Trump cleared of collusion with Russia, but SA not
There could be links to electricity blackouts. Our politicians have yet to be cleared of allegations of dodgy energy dealings.
Various anti-nuclear groups protest outside the Energy Indaba in Midrand, 6 December 2017, in opposition to the government’s nuclear energy plans. Picture: Neil McCartney
While US President Donald Trump has been exonerated of collusion with Russia, South Africans should remain concerned about Moscow’s influence on our politics.
There could be links to electricity blackouts. Our politicians have yet to be cleared of allegations of dodgy energy dealings.
Central to one conspiracy theory is an agreement signed in 2014, by former president Jacob Zuma and Russia’s Vladimir Putin, for Rosatom to build a 9 600MW nuclear fleet in SA.
Although President Cyril Ramaphosa last year told Putin the deal could not be pursued because it is unaffordable, the Russians are undeterred.

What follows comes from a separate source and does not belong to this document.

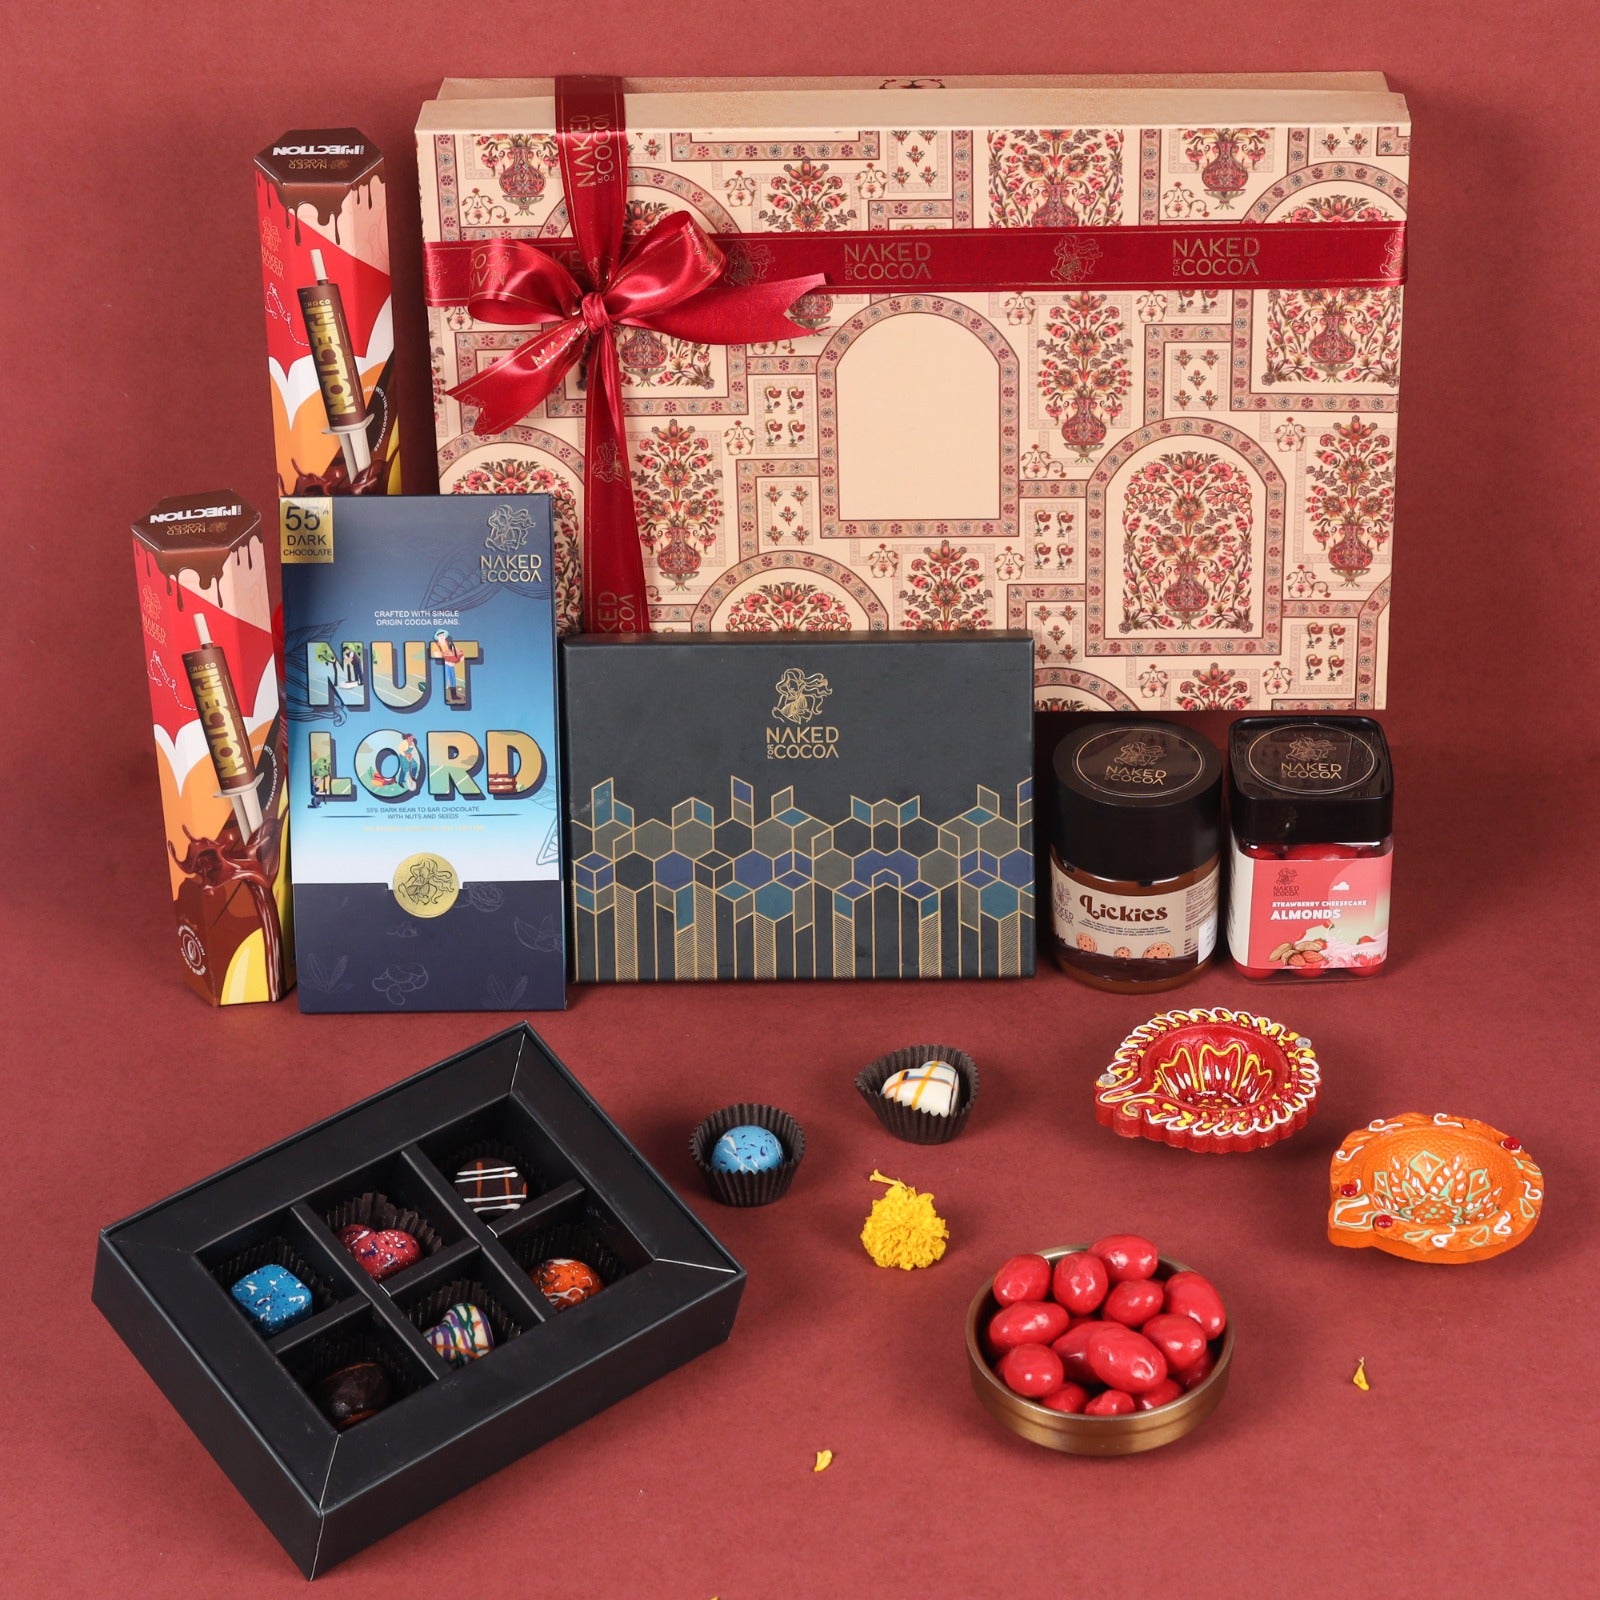 Diwali Special Gourmet Hamper - Bean to Bar Chocolate, Choco Injections, Chocolate Bon Bons, Nut Dragees, Cookie Lickies, and Handmade Diyas

Within hours of Ramaphosa’s announcement, Rosatom executive Dmitry Shornikov told Reuters his company was still interested.
Last week Zuma elicited guffaws when he punted the Russian nuclear deal. “Nuclear could solve our problems, once and for all. Now we are in deep, we are therefore increasing the debt of the country with no hope to bring it down,” Zuma told Business Day.
Experts retorted that if the deal had been approved, the new units would still have taken another 10 years to come on line. That may be. The point, however, is that Zuma is keeping the idea of a Russian nuclear deal alive. Why?
There is an unproven suspicion that he remains under pressure from Putin, who may have made an advance payment. Zuma undertook several visits to Russia.
So too did David Mahlobo, the state security minister who became Zuma’s energy minister. October and November last year, Deputy President David Mabuza spent 15 days in Russia for “medical treatment”. Mabuza’s allegiance within the ANC appears malleable.
Let’s be clear, this is conjecture, the weaving together of selected facts and innuendo. It has some academic backing from Mark Swilling, professor of sustainable development at Stellenbosch University.
In a January 21 Daily Maverick article, Swilling said the Russians should not be underestimated. “Just because the Ramaphosa government has shunned the nuclear deal, this does not mean the Russians have given up on the idea. The global power stakes are far too high.
“Putin signed a decree in 2007 that provided for the integration and consolidation of all nuclear capabilities built up during the Cold War into a new civilian nuclear industry with global ambitions.
“Since then, Russians have been building nuclear power plants that are a hybrid between an embassy and a military base, often financed off a state guarantee that effectively gives Russia massive leverage over the host country”.
Russians, with their cyberspace and intelligence network skills, and money, could be influencing our politics (and our electricity grid) to ensure an election outcome that will reinstate their multitrillion-rand nuclear deal.
And what do you make of Energy Minister Jeff Radebe’s unauthorised flirting with a R1 billion oil deal in South Sudan, where Russia is investing? Does it matter that Radebe is Ramaphosa’s brother-in-law? And that Ramaphosa’s other brother-in-law, billionaire Patrice Motsepe, accompanied the president on a state visit to the oil-rich Middle East last year?
Are Ramaphosa’s energy-industry connections more honourable than Zuma’s? Time for another commission of inquiry.